(Available data Opens)

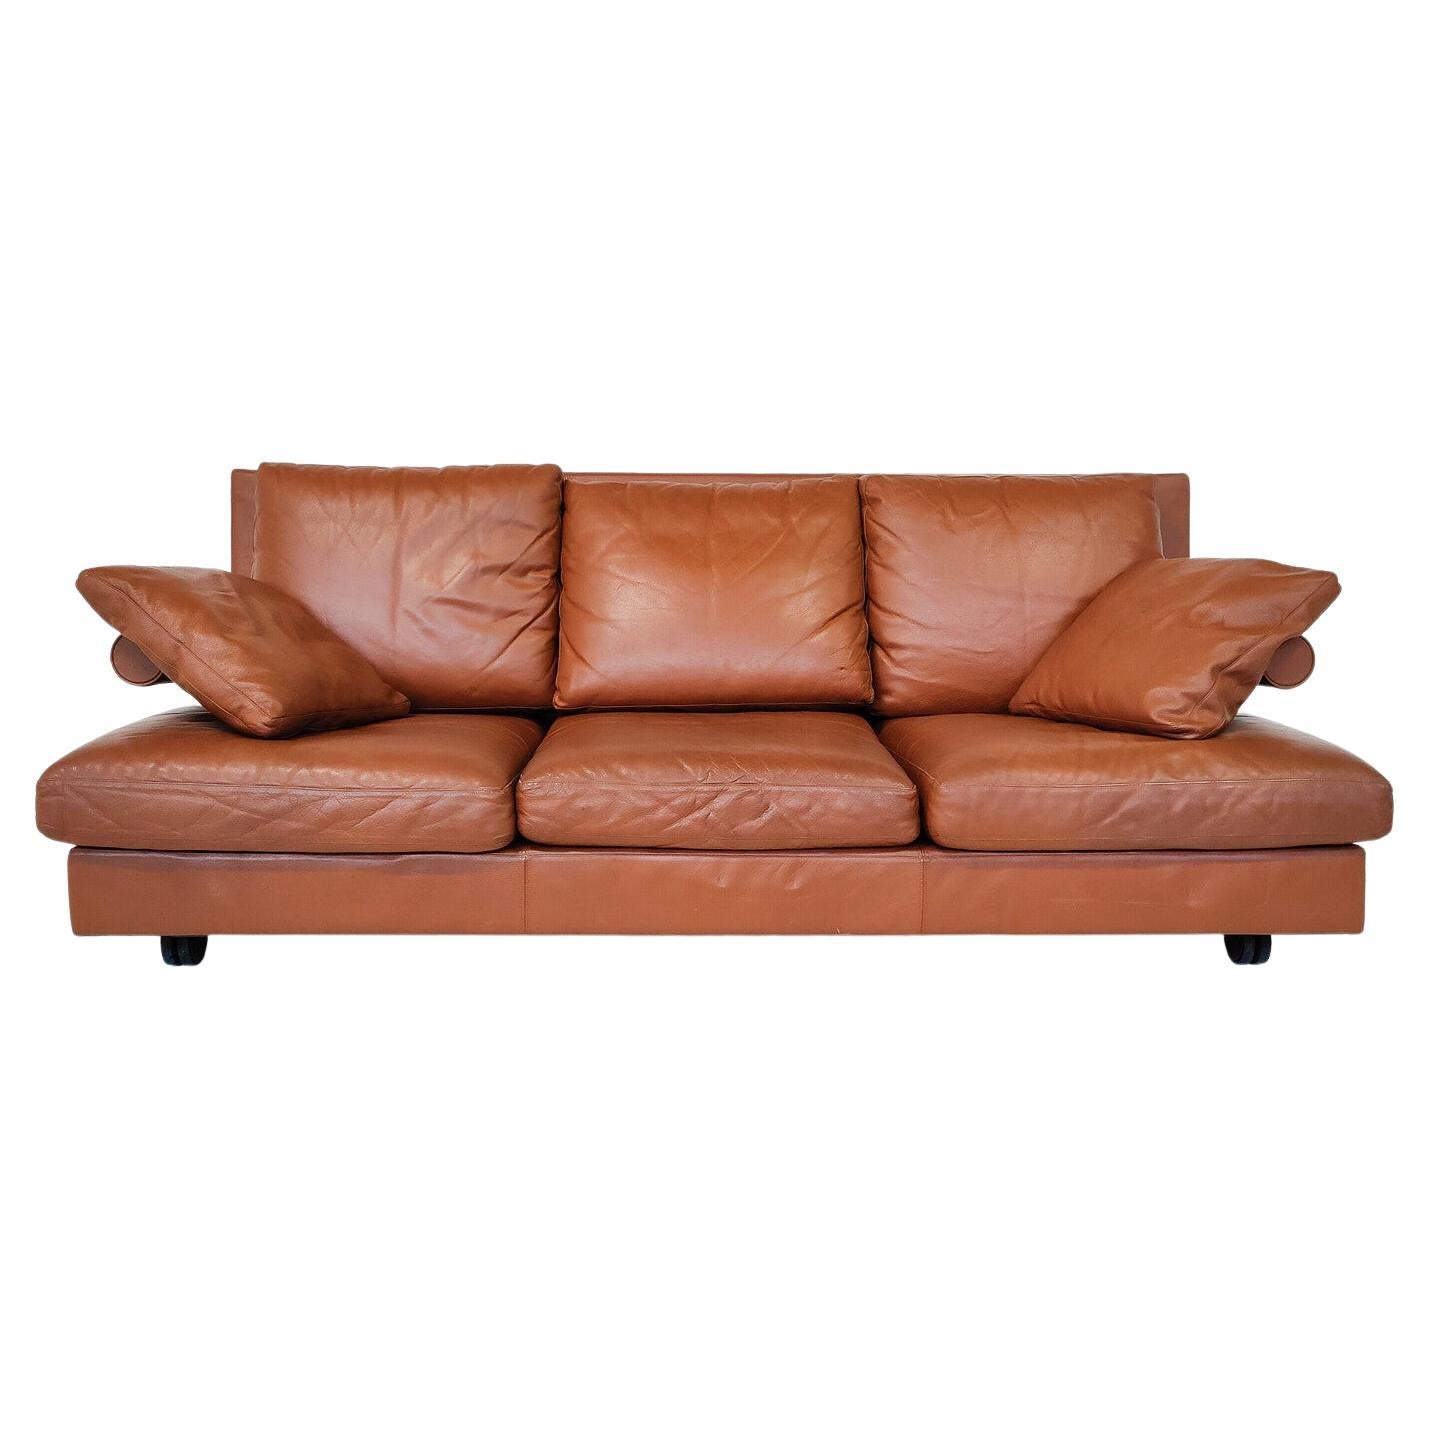 Mid-Century Modern Baisity Sofa by Antonio Citterio for B&B Italia, Cognac Leath For Sale
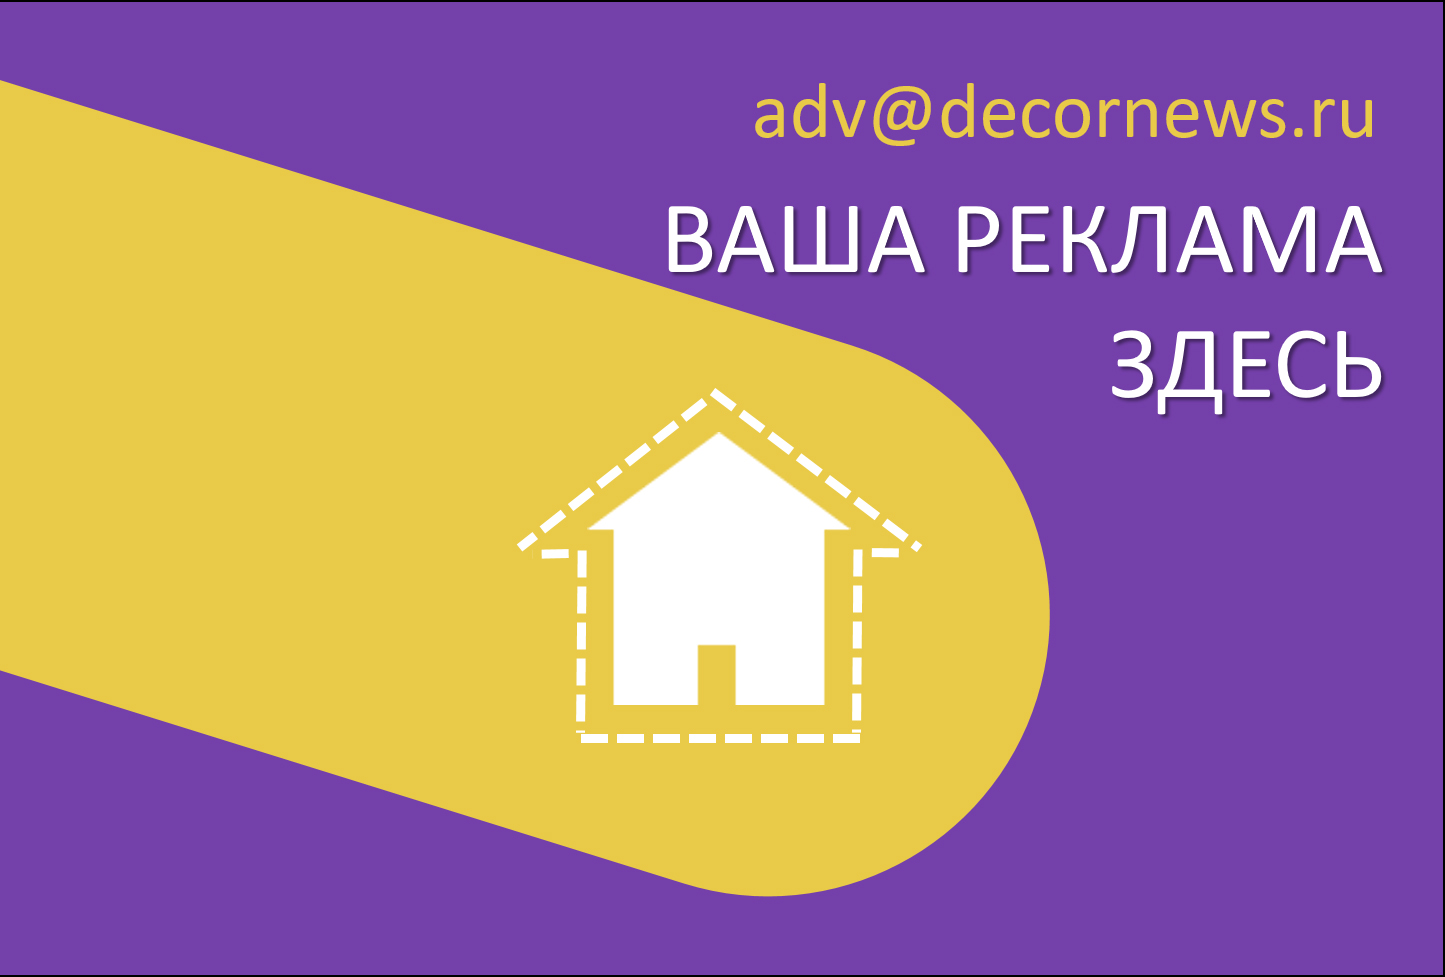 Реклама на портале о дизайне и архитектуре Decornews.ru
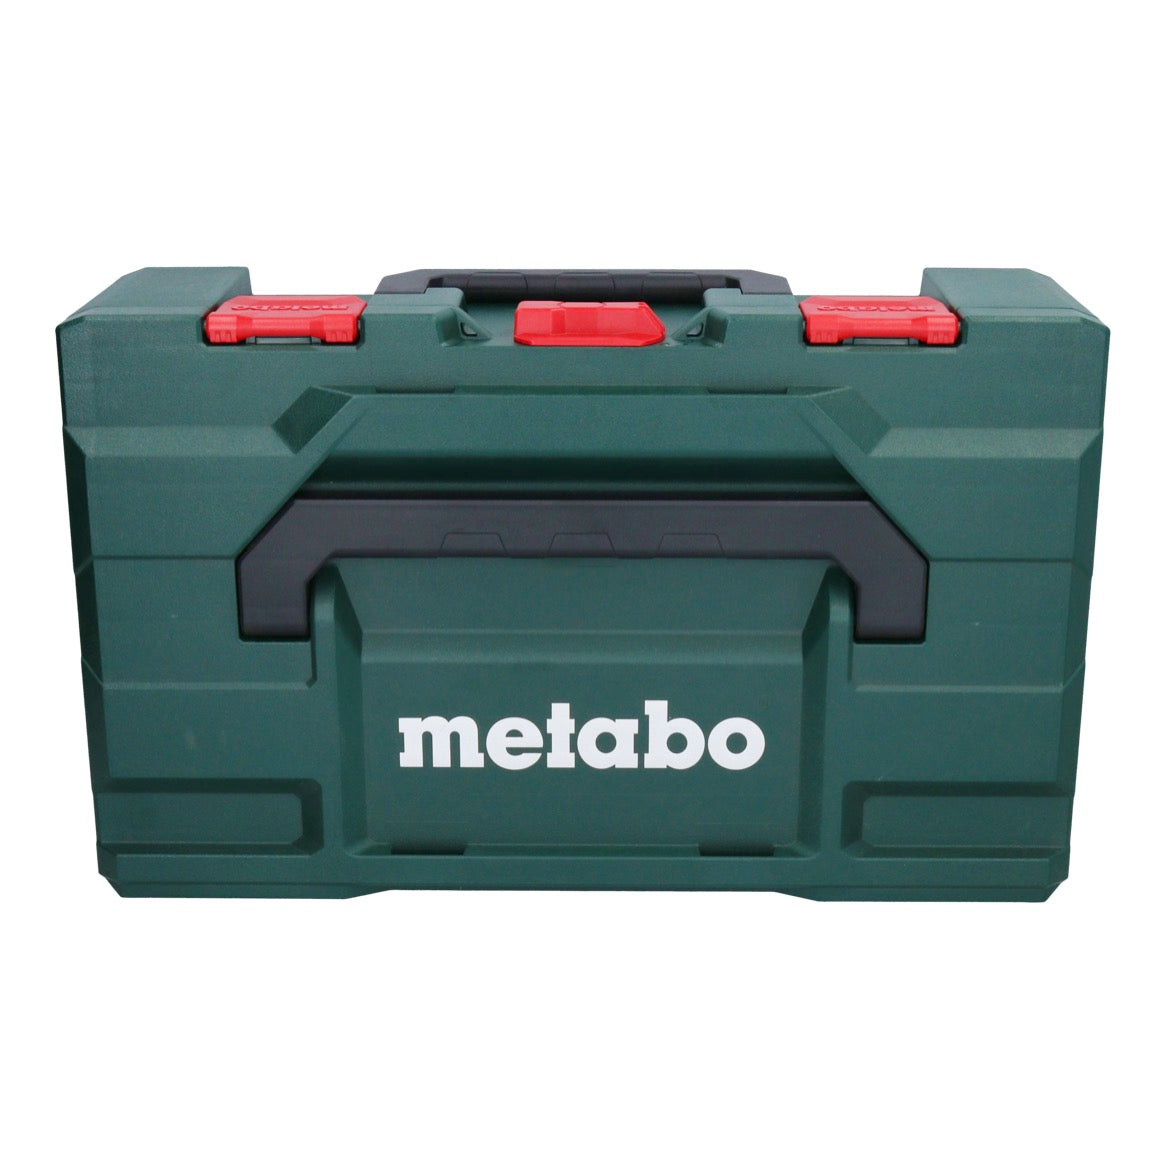 Metabo WVB 18 LTX BL 15-125 Quick Akku Winkelschleifer 18 V 125 mm Brushless + 2x Akku 4,0 Ah + Ladegerät + metaBOX
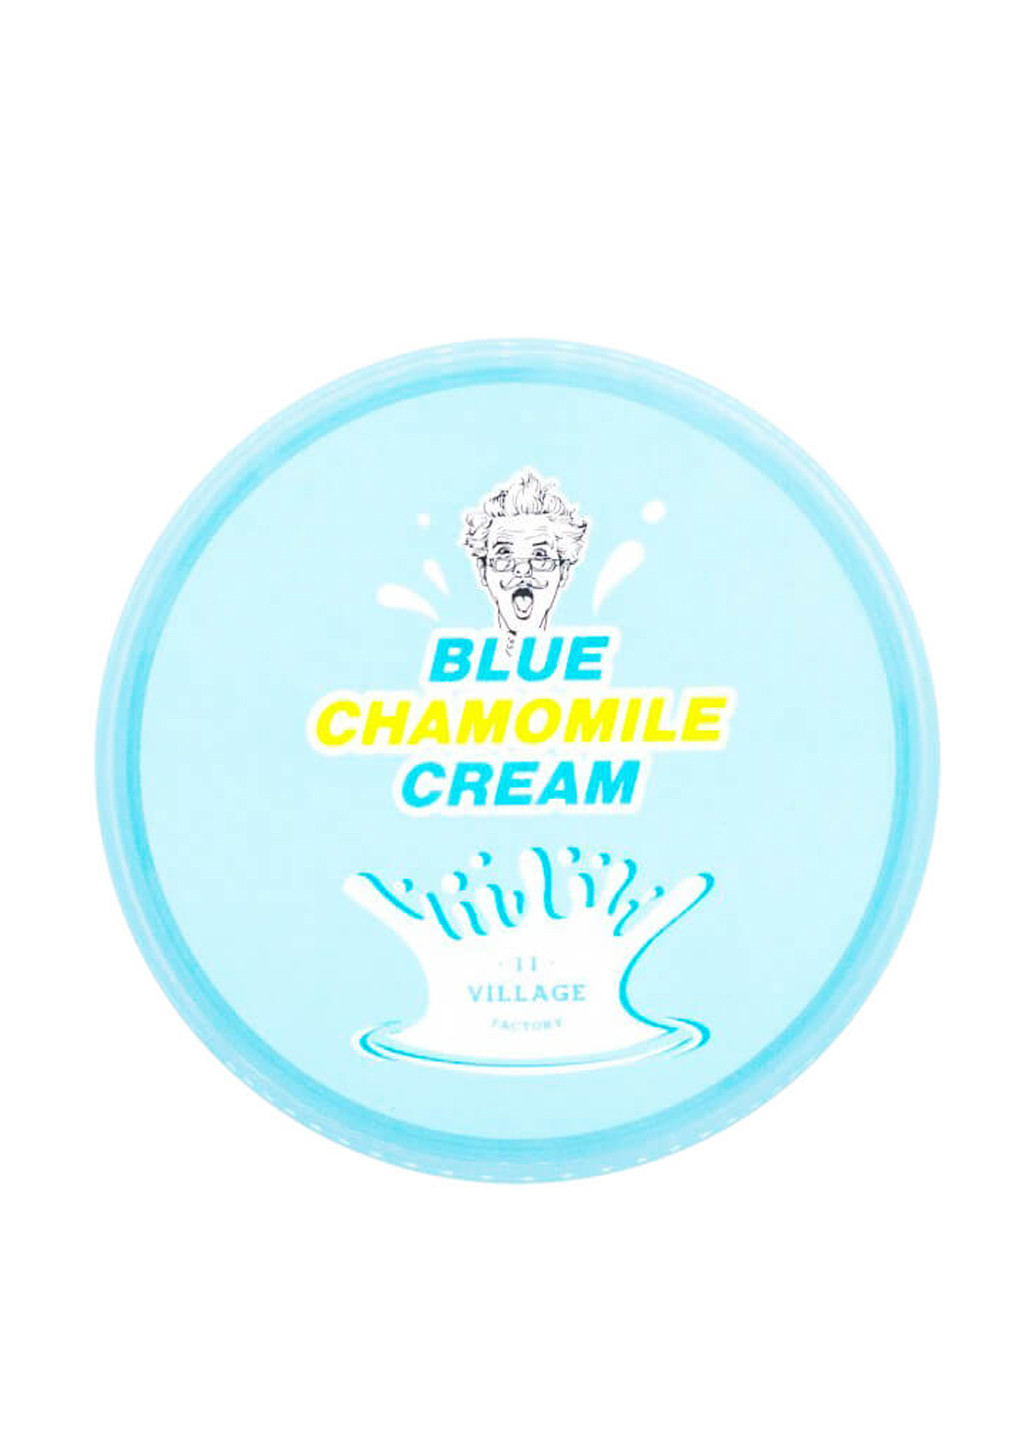 Заспокійливий крем для обличчя Blue Chamomile Cream, 300 мл 11 Village Factory

(Available data Closes)

What to work on: All of the data should come back exactly as written, but without pictures.

Answer section:
 Mid-Century Modern Baisity Sofa by Antonio Citterio for B&B Italia, Cognac Leath For Sale
 Реклама на портале о дизайне и архитектуре Decornews.ru
 Metabo WVB 18 LTX BL 15-125 Quick Akku Winkelschleifer 18 V 125 mm Brushless + 2x Akku 4,0 Ah + Ladegerät + metaBOX
 Заспокійливий крем для обличчя Blue Chamomile Cream, 300 мл 11 Village Factory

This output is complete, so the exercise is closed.